## EXERCISE MATERIALS

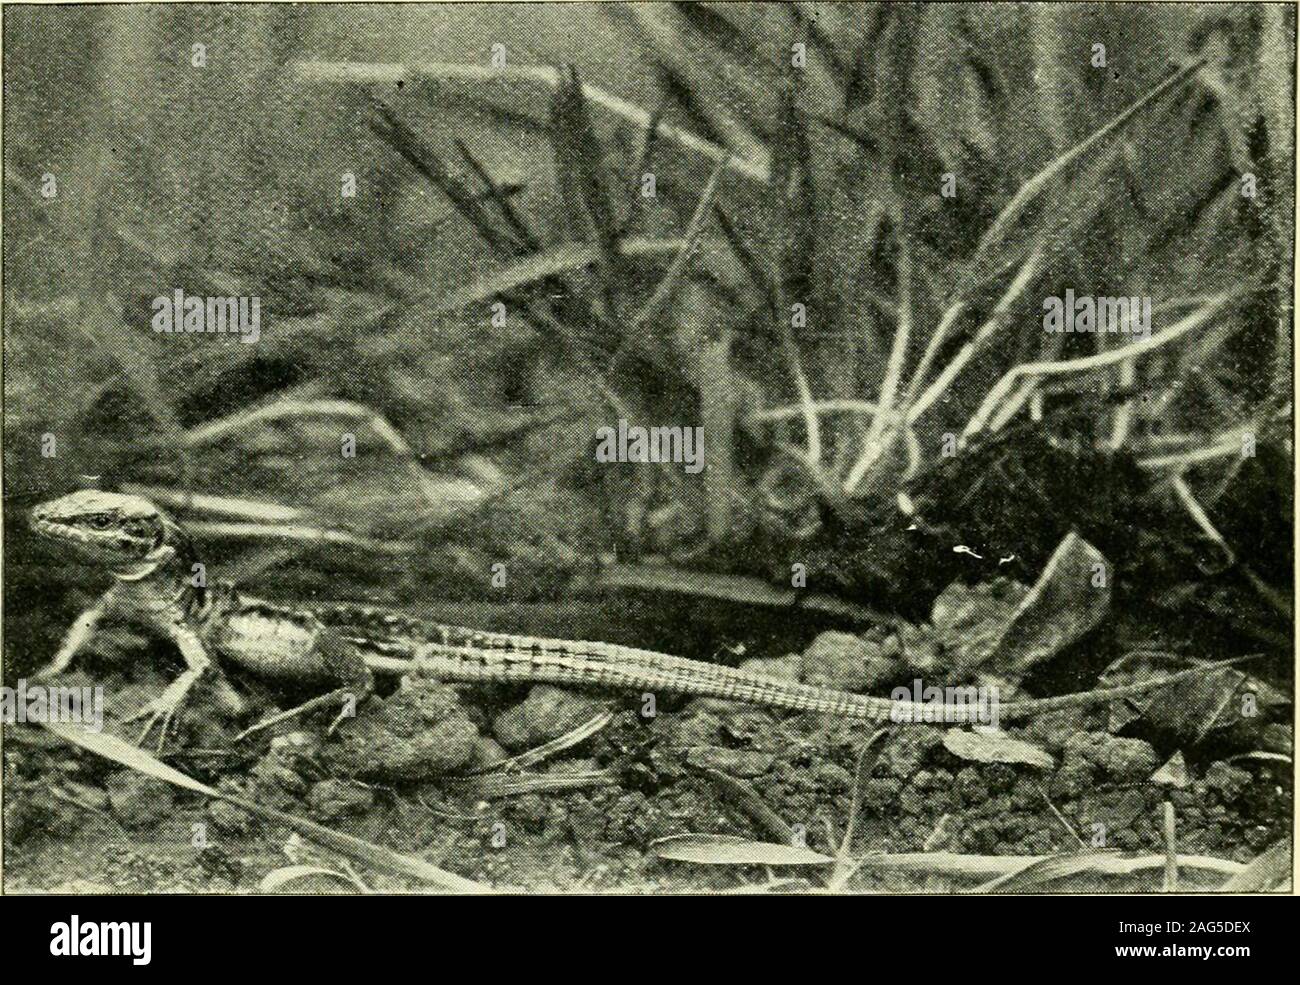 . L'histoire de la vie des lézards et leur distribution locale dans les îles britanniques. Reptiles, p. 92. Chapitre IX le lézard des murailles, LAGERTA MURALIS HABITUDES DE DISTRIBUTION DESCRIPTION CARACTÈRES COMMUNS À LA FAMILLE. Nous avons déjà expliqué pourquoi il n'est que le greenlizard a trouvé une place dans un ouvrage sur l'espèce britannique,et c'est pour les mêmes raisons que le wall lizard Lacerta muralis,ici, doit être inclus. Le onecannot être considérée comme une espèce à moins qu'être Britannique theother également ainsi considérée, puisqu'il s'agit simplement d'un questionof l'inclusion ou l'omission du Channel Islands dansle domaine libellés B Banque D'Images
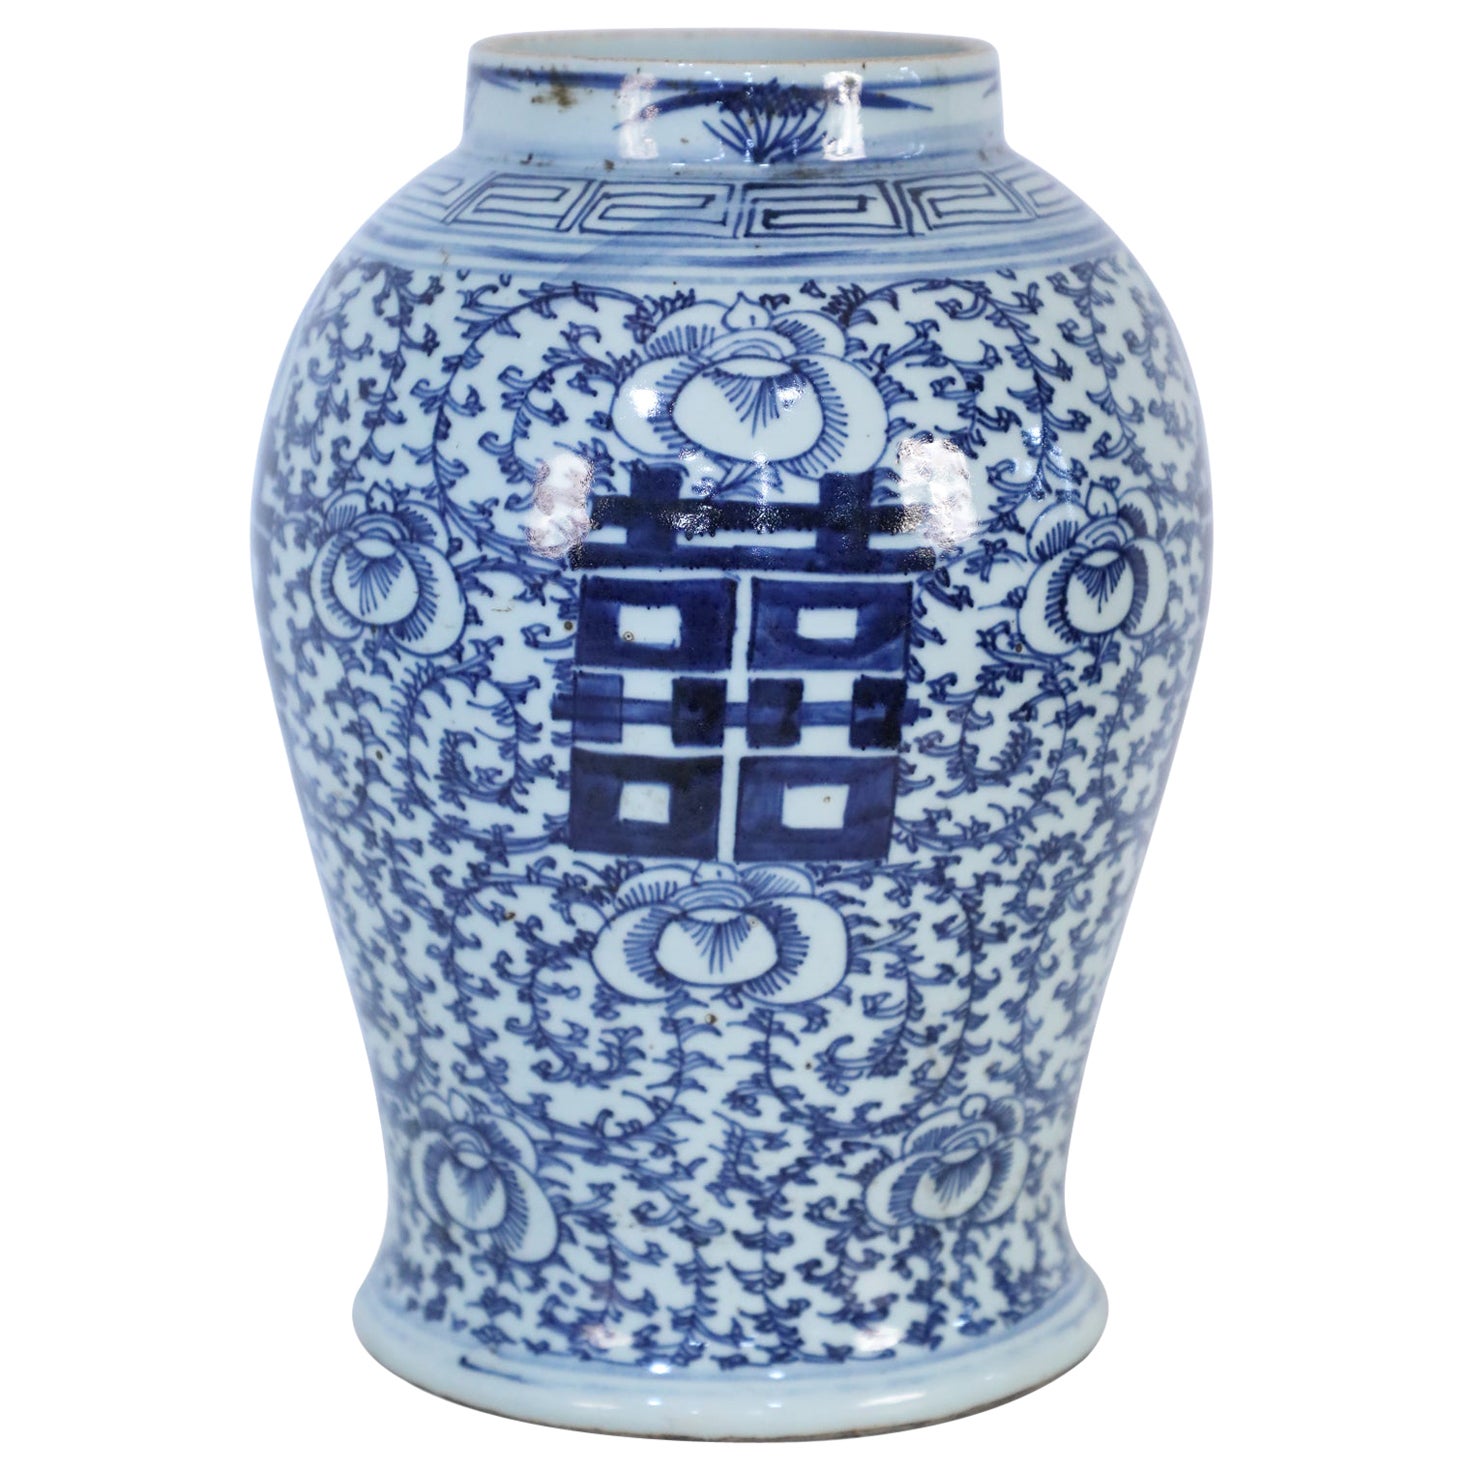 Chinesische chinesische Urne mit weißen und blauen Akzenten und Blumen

* * *

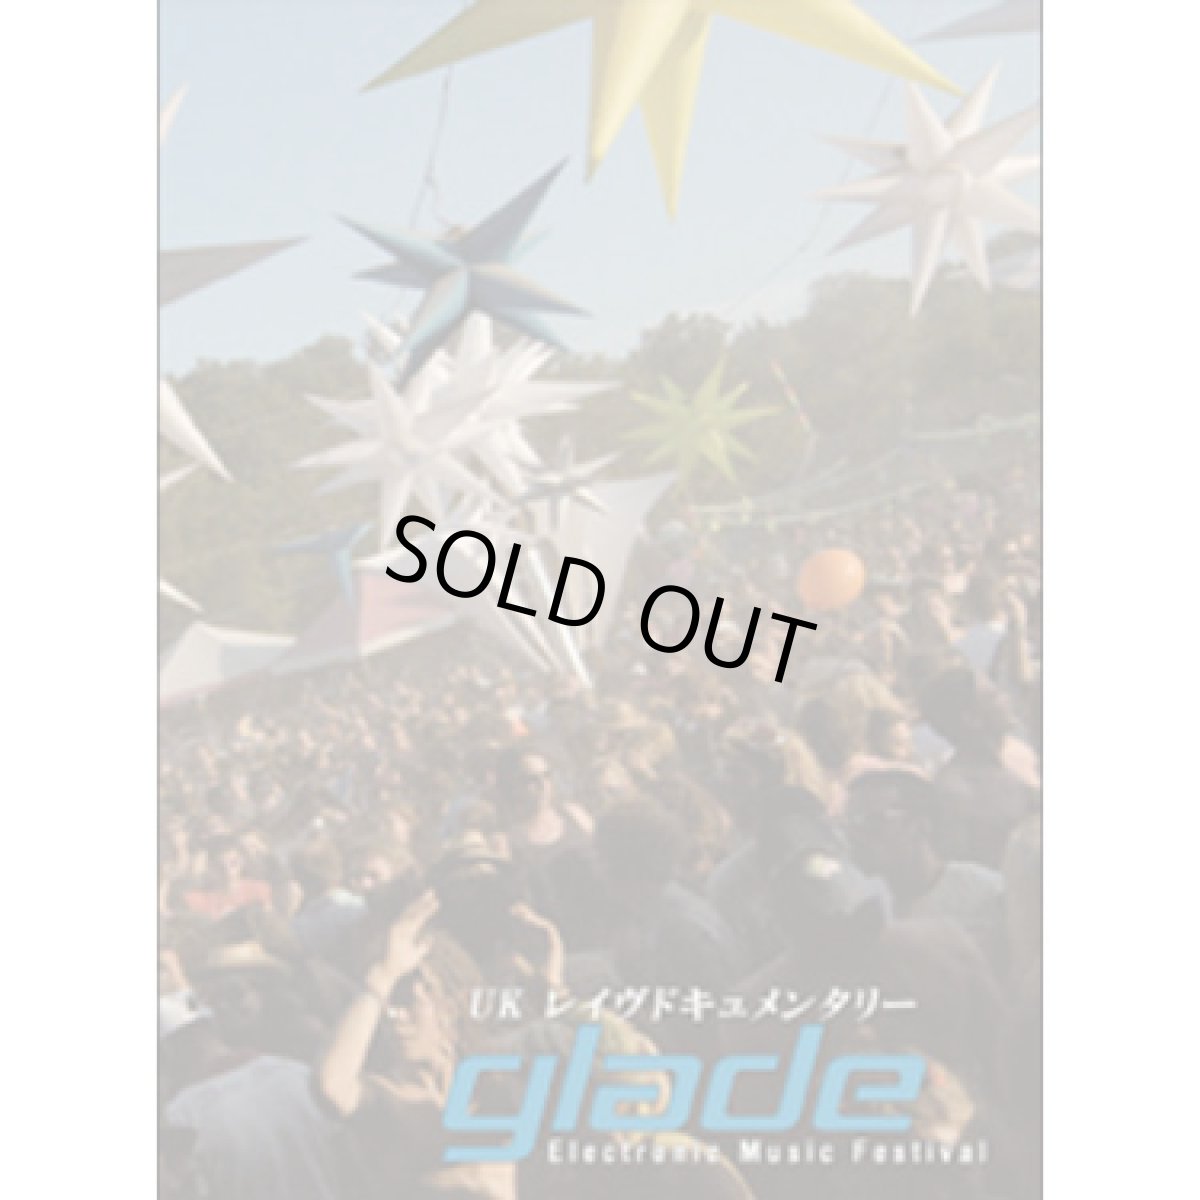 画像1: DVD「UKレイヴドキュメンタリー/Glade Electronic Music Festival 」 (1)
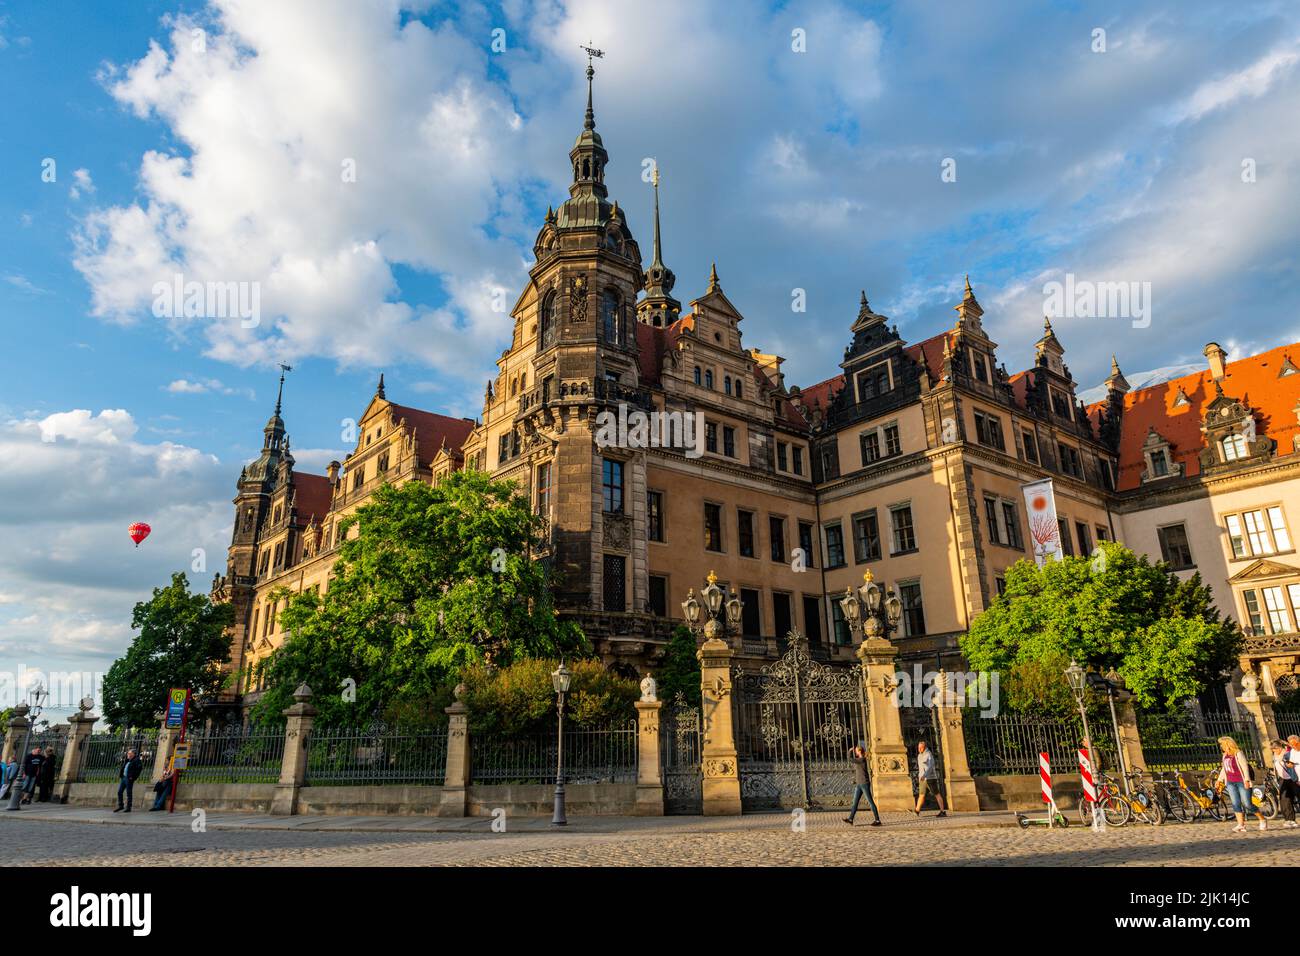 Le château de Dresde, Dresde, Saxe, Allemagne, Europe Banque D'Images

## YOUR INSTRUCTIONS
An exact copy is needed of the entries above, starting at the line that holds "B Banque D'Images" and stopping at the line that holds "Chinesische chinesische Urne", both kept; pictures stay out.

## SOLUTION TO THIS EXERCISE
 . L'histoire de la vie des lézards et leur distribution locale dans les îles britanniques. Reptiles, p. 92. Chapitre IX le lézard des murailles, LAGERTA MURALIS HABITUDES DE DISTRIBUTION DESCRIPTION CARACTÈRES COMMUNS À LA FAMILLE. Nous avons déjà expliqué pourquoi il n'est que le greenlizard a trouvé une place dans un ouvrage sur l'espèce britannique,et c'est pour les mêmes raisons que le wall lizard Lacerta muralis,ici, doit être inclus. Le onecannot être considérée comme une espèce à moins qu'être Britannique theother également ainsi considérée, puisqu'il s'agit simplement d'un questionof l'inclusion ou l'omission du Channel Islands dansle domaine libellés B Banque D'Images
 Chinesische chinesische Urne mit weißen und blauen Akzenten und Blumen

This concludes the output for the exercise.